__The data__:
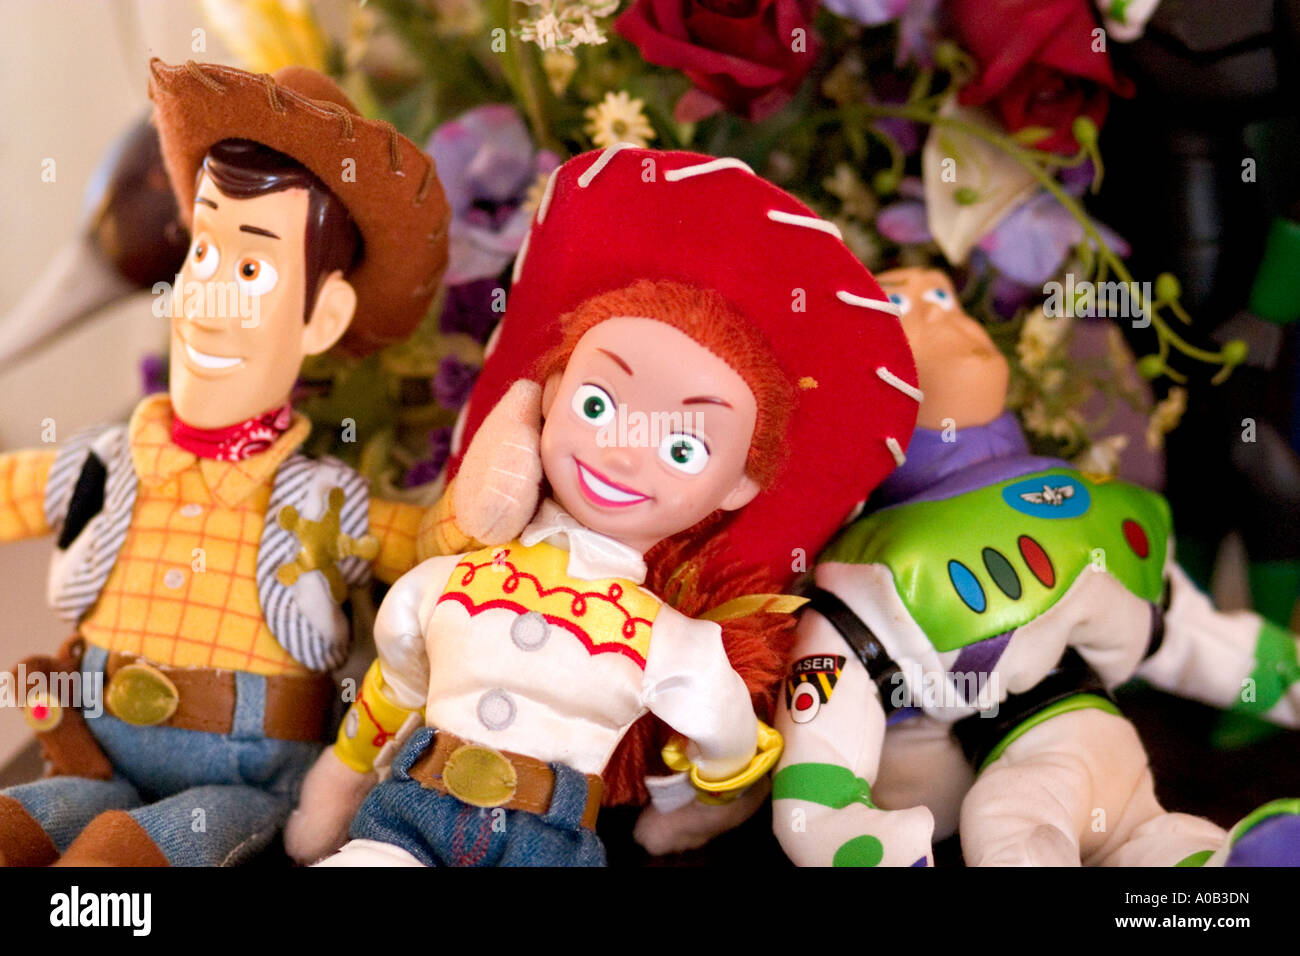 Toy Story dolls Woody Jessie and Buzz Lightyear ready to play. St Paul Minnesota MN USA - Stock Image
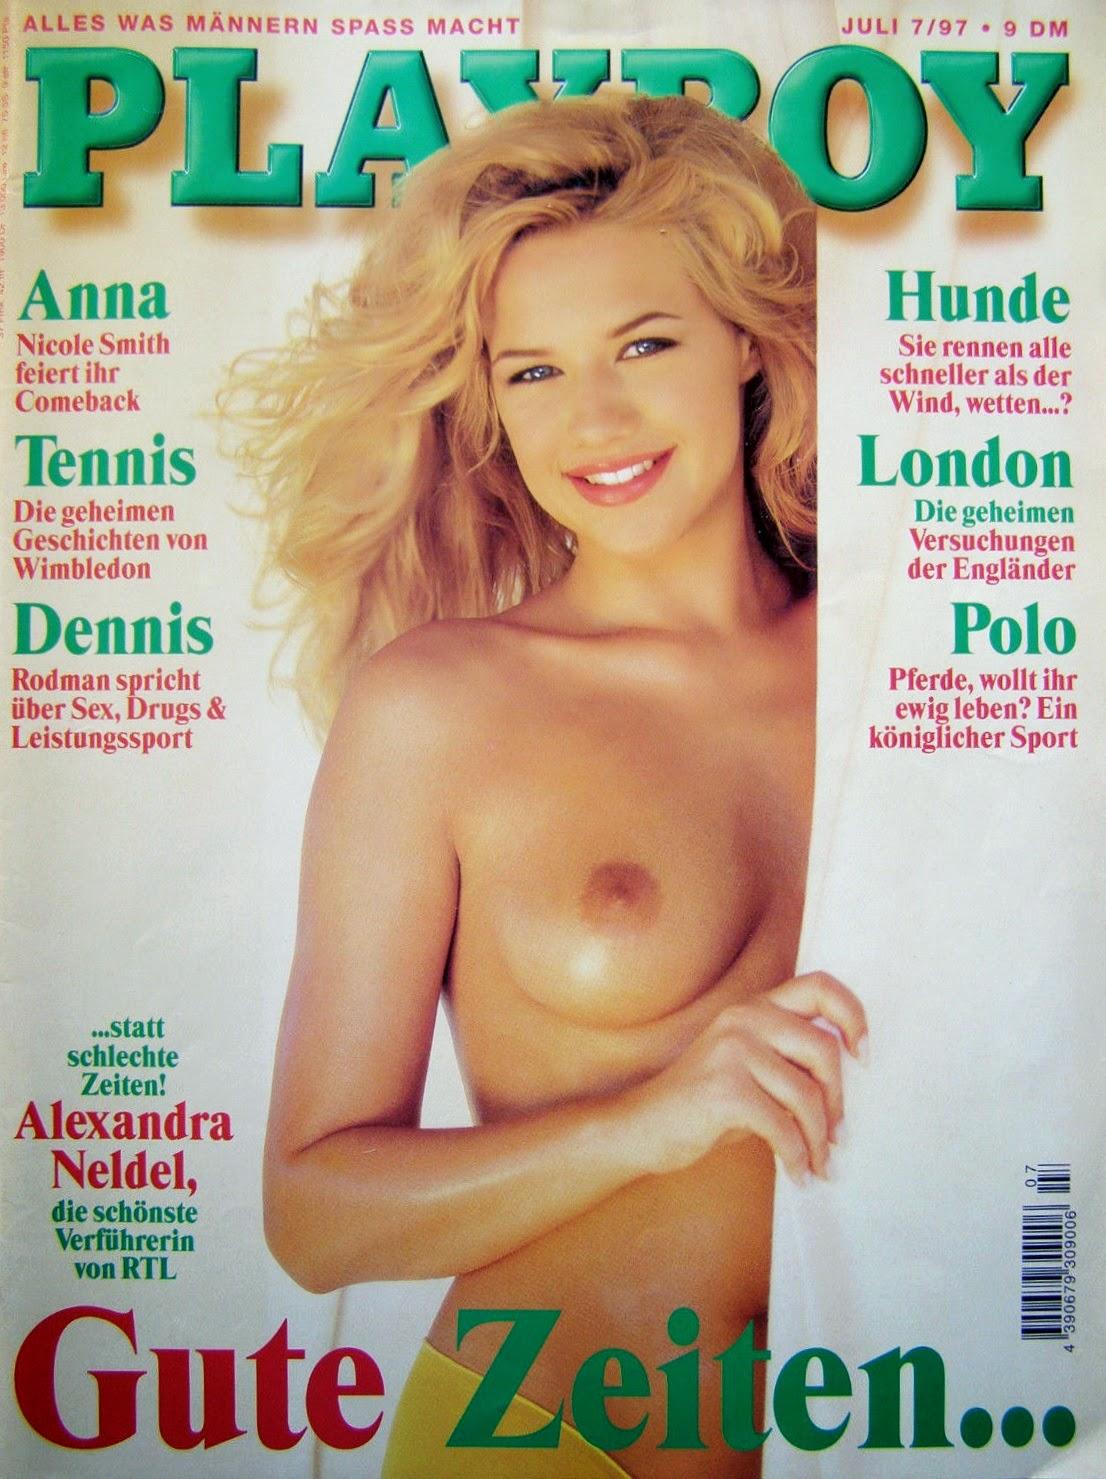 Neldel/nackt alexandra Alexandra Neldel
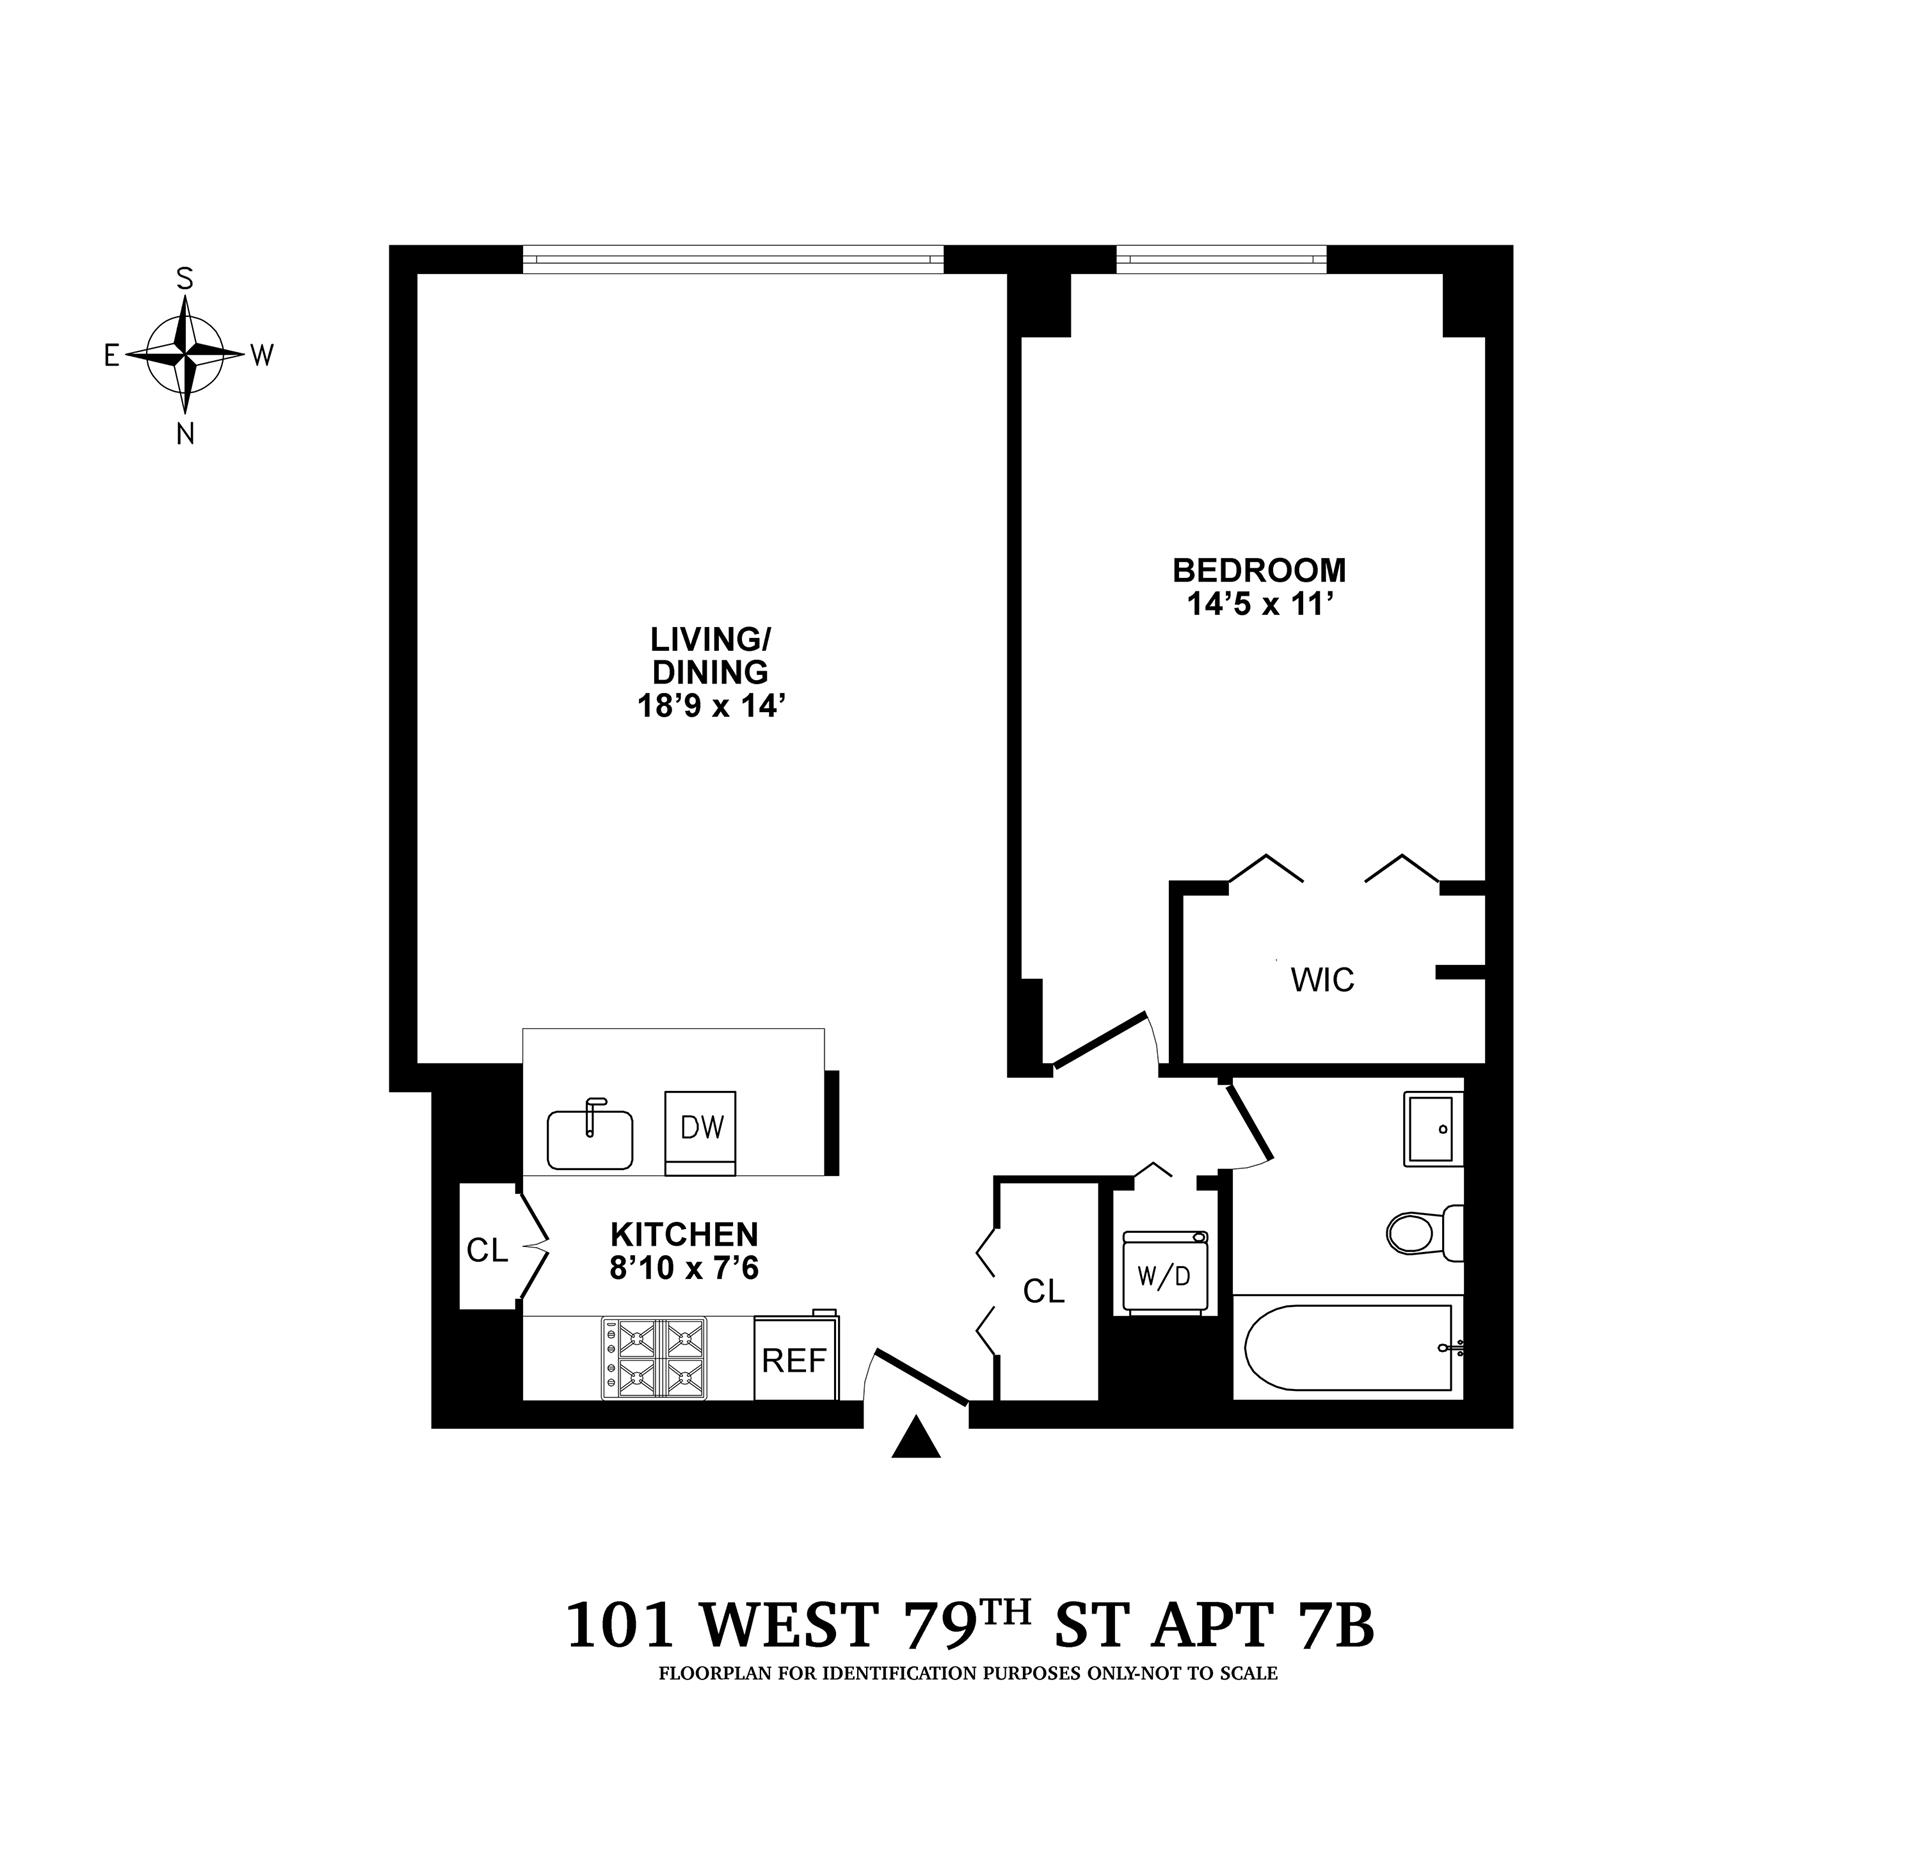 Floor plan of The Park Belvedere, 101 West 79th St, 7B - Upper West Side, New York

__Exercise details__: Print the complete listing exactly as it stands, without its pictures.

__Solution for this exercise__:
 Toy Story dolls Woody Jessie and Buzz Lightyear ready to play. St Paul Minnesota MN USA - Stock Image
 Neldel/nackt alexandra Alexandra Neldel
 Floor plan of The Park Belvedere, 101 West 79th St, 7B - Upper West Side, New York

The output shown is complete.